The generously wide new lane
extends northward from Central Park to 168th Street and was first proposed by
T.A. in the Bicycle Blueprint in 1993. T.A. has been pushing for the St.
Nicholas route ever since. Despite gloomy predictions from some community boards
and Harlem environmental groups, who claimed that the bike lane would only serve
cyclists passing through the neighborhood rather than local residents, the
three-mile, two-way route has already won the hearts of many.
A year-old T.A. campaign for directional signs to four Manhattan bridges is paying off. By Earth Week, April 22, the DOT should have installed signs pointing to the Brooklyn Bridge from various approaches.
By year's end, the Williamsburg, Queensboro and George Washington Bridges should all have similar signs.

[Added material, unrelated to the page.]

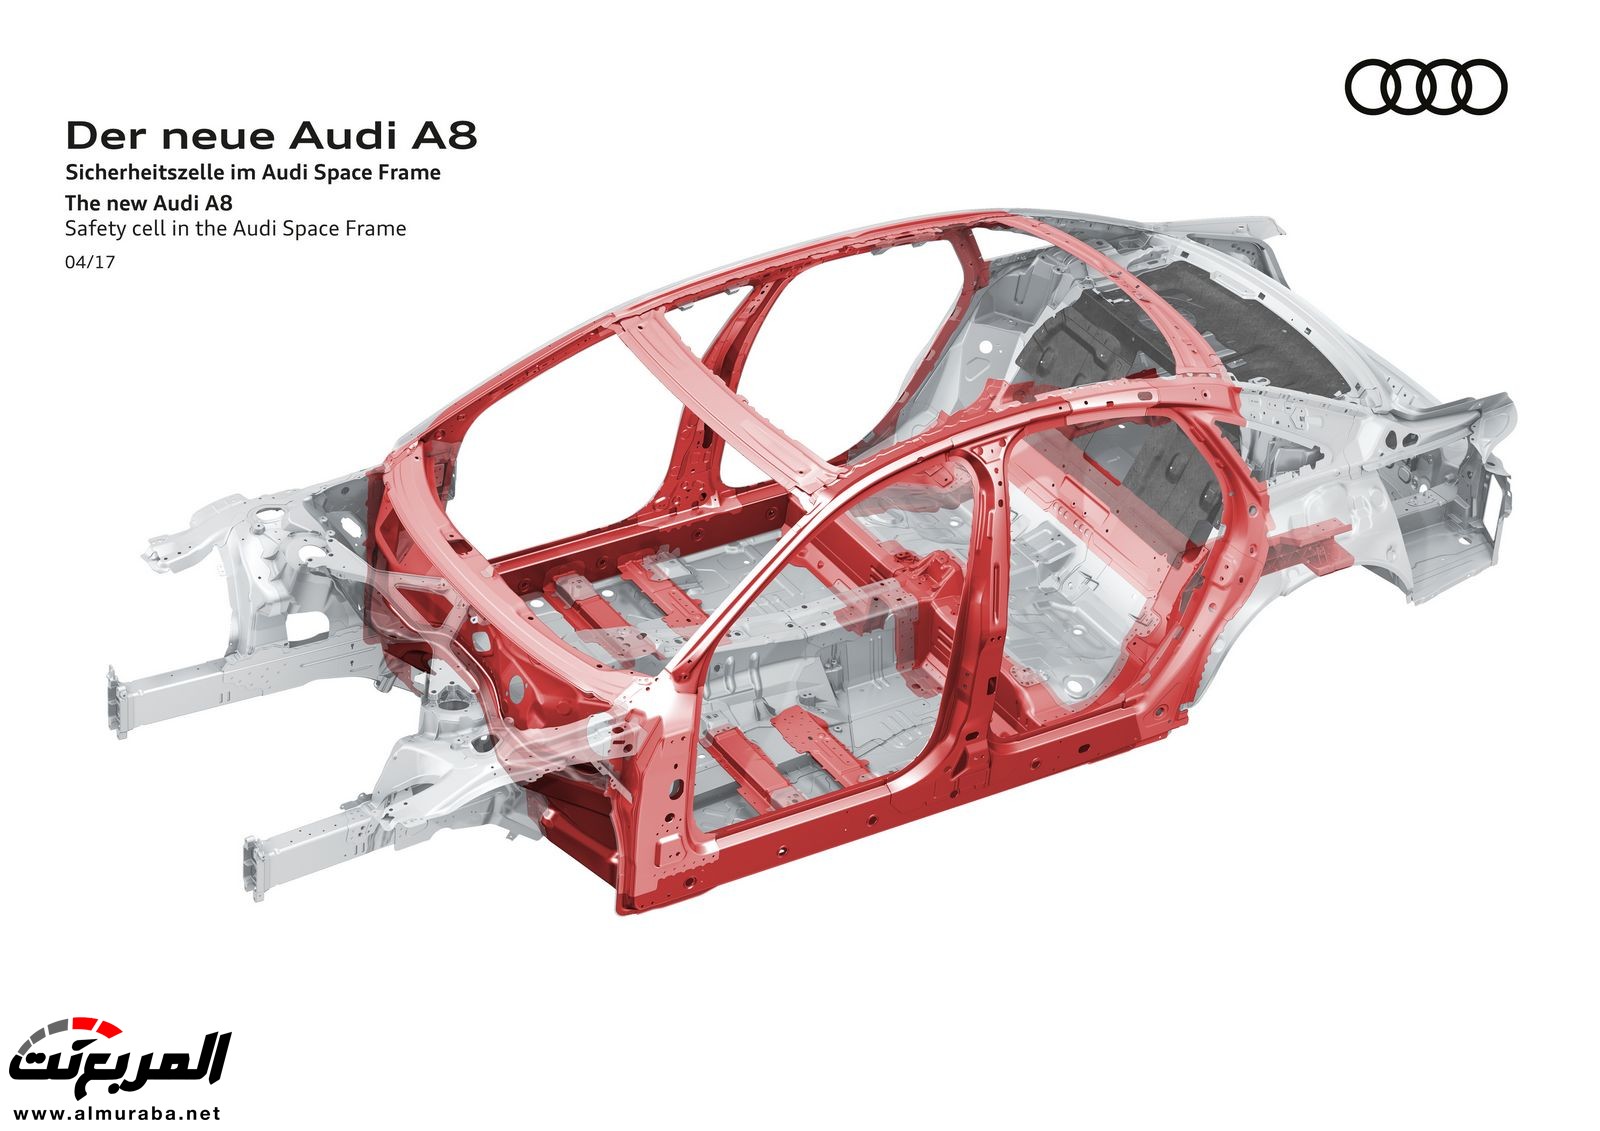 أودي A8 2018 الجديدة كلياً تكشف نفسها بتصميم وتقنيات متطورة "معلومات + 100 صورة" Audi A8 53

As Northern Manhattan enjoys its new bike lane, the Hudson Street lane (Canal to 14th Street) is stumbling towards completion. The lane has been plagued by delays. According to the DOT, an aluminum shortage is keeping bike lane signs from being fabricated. No, we don't make this stuff up. Worse than the delays, the northern extension along 8th Avenue to 59th Street has been postponed indefinitely. DOT has doomed the 8th Ave. lane because of anticipated conflicts between cyclists and motor vehicles turning left at major intersections.
Without any public notice, the DOT, has obliterated the two-mile-long South Street bike lane near the Seaport in lower Manhattan and turned it into a sidewalk. When T.A. inquired about the lane removal, DOT said that South Street, used by numerous cyclists and joggers every day, was never an "official" bike lane and not part of the city's network of bike lanes.
DOT's failure to notify the cycling community before eliminating a well-established bike lane is appalling. DOT subjects every new bike lane to exhaustive traffic analysis and community review. Apparently the opposite is not true. Why didn't the DOT examine how removing the lane affects cyclists? This matter reflects poorly on the Department of Transportation.
Transportation Alternatives' lobbying paid off recently as an avalanche of local bicycling a pedestrian projects were approved for Federal "Enhancements" funding. T.A. sat on a committee of state and city agencies that allocated $14 million to 23 of 60 proposed projects.
Last-minute T.A. maneuvering rescued $600,000 for bike racks and will mean another 1,500 racks on city streets. The bike rack cash complements NYC's ongoing bike parking installation throughout the five boroughs.
The selected projects will be funded with a mix of 80% federal and 20% local money, and based on previous years' experience, the project money will take two years to reach city agencies.